■ COLLECTED MATERIAL:
========
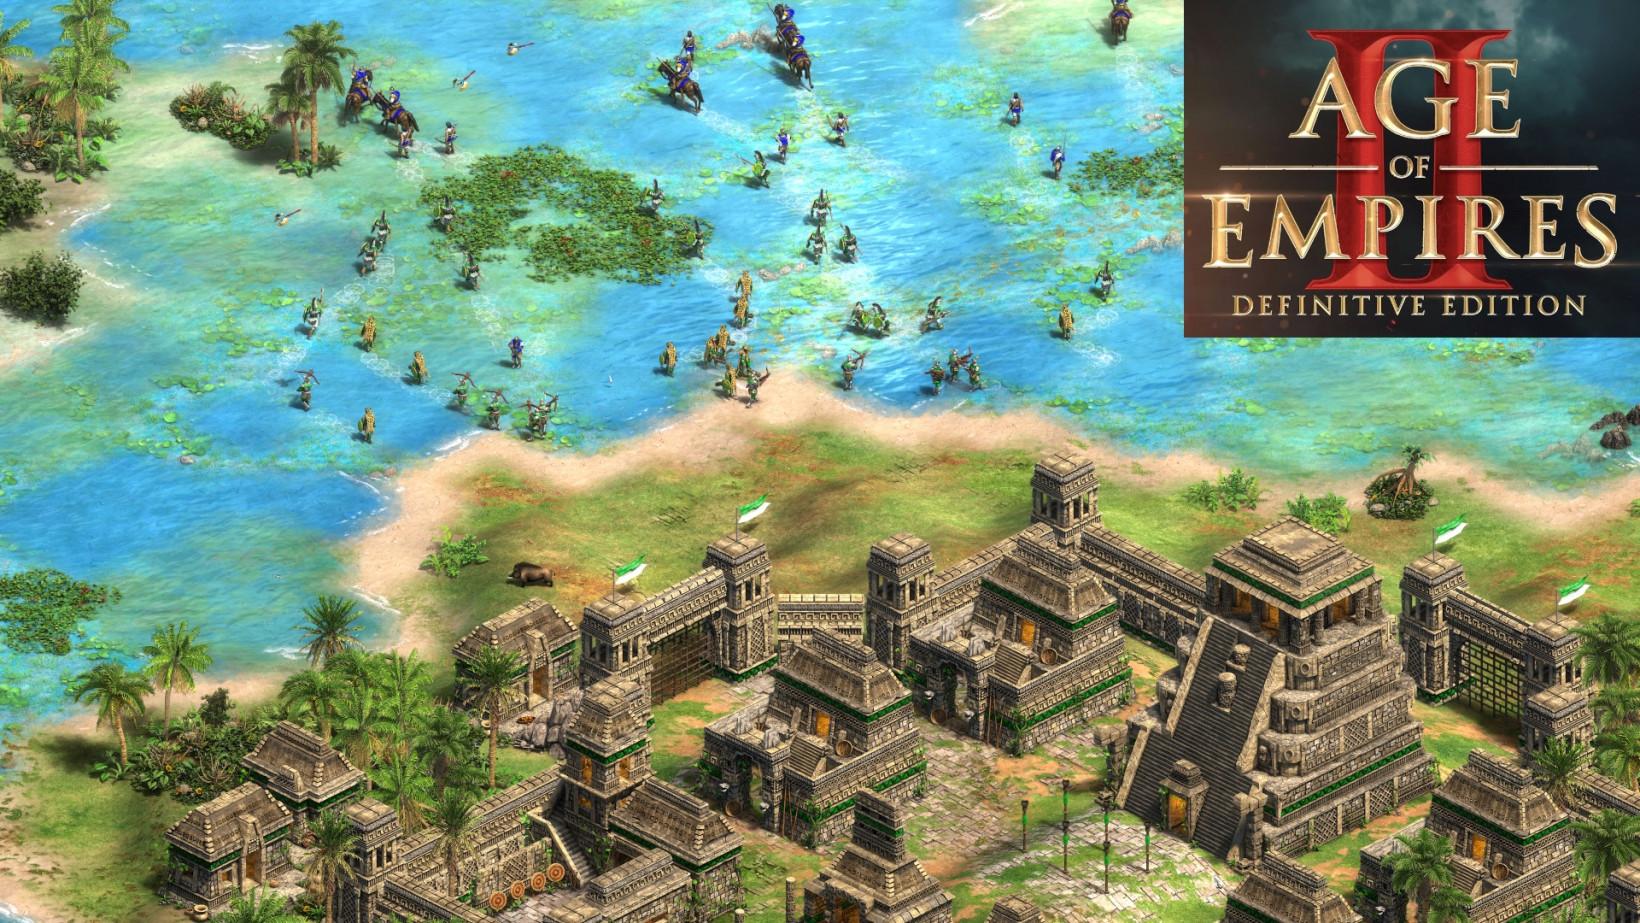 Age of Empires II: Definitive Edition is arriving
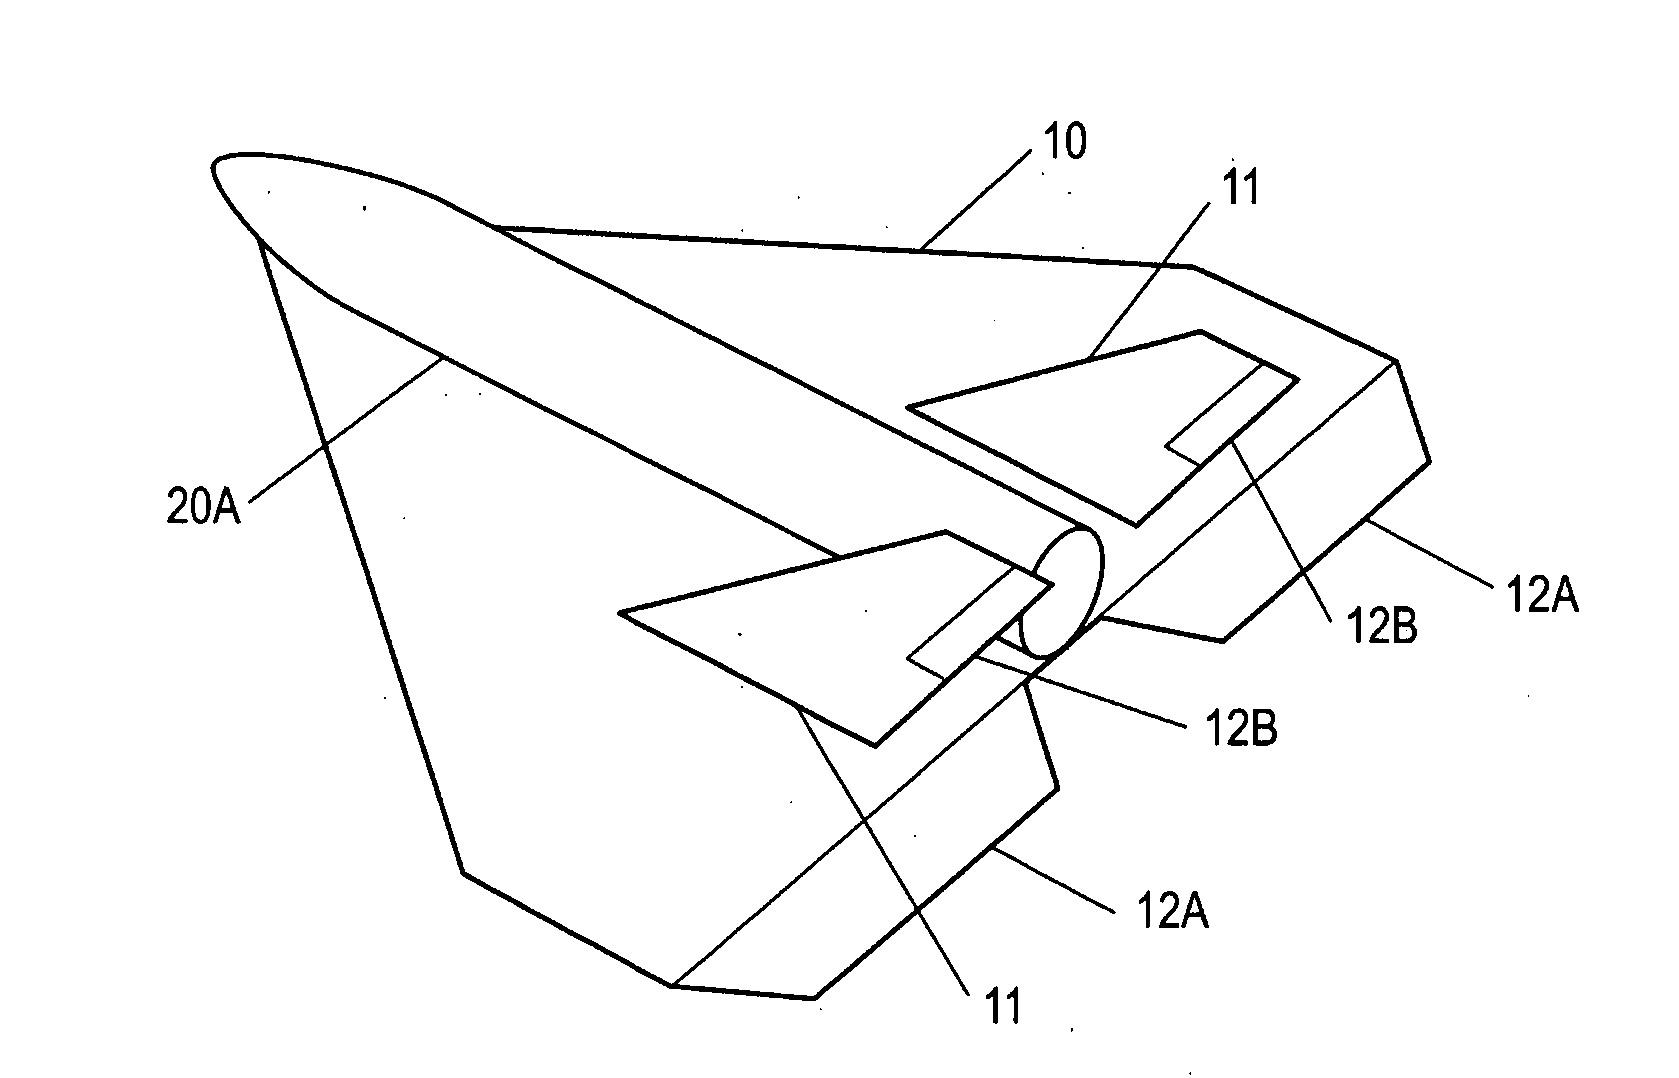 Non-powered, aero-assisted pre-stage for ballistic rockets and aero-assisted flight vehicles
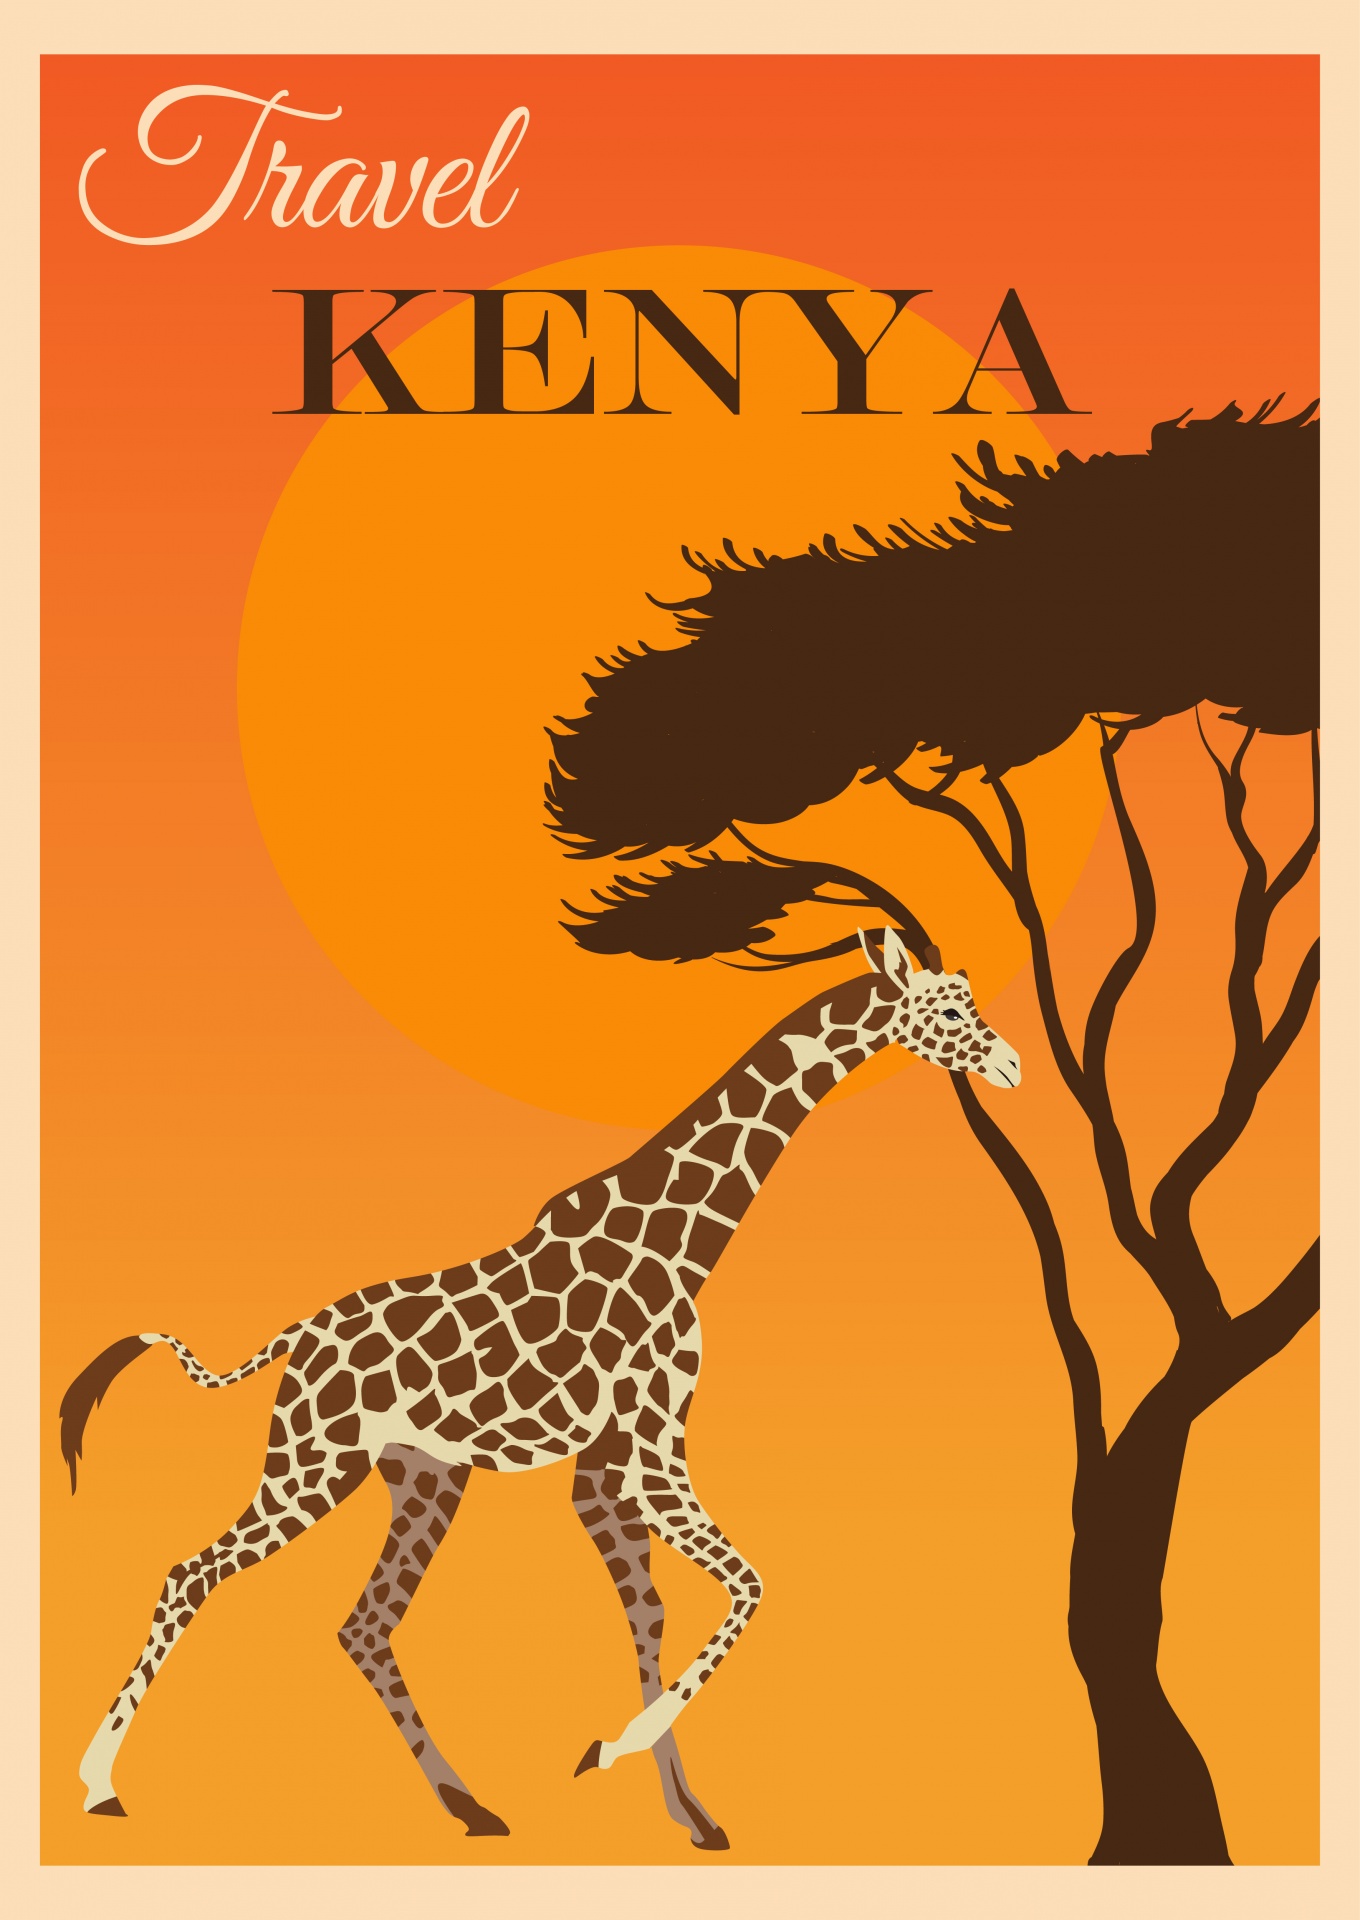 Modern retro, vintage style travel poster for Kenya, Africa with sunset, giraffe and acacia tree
========
■ EXERCISE GOAL:
Could you print the data exactly as it appears and keep the pictures out?

■ ANSWER SPACE:
 Age of Empires II: Definitive Edition is arriving
 Non-powered, aero-assisted pre-stage for ballistic rockets and aero-assisted flight vehicles
 Modern retro, vintage style travel poster for Kenya, Africa with sunset, giraffe and acacia tree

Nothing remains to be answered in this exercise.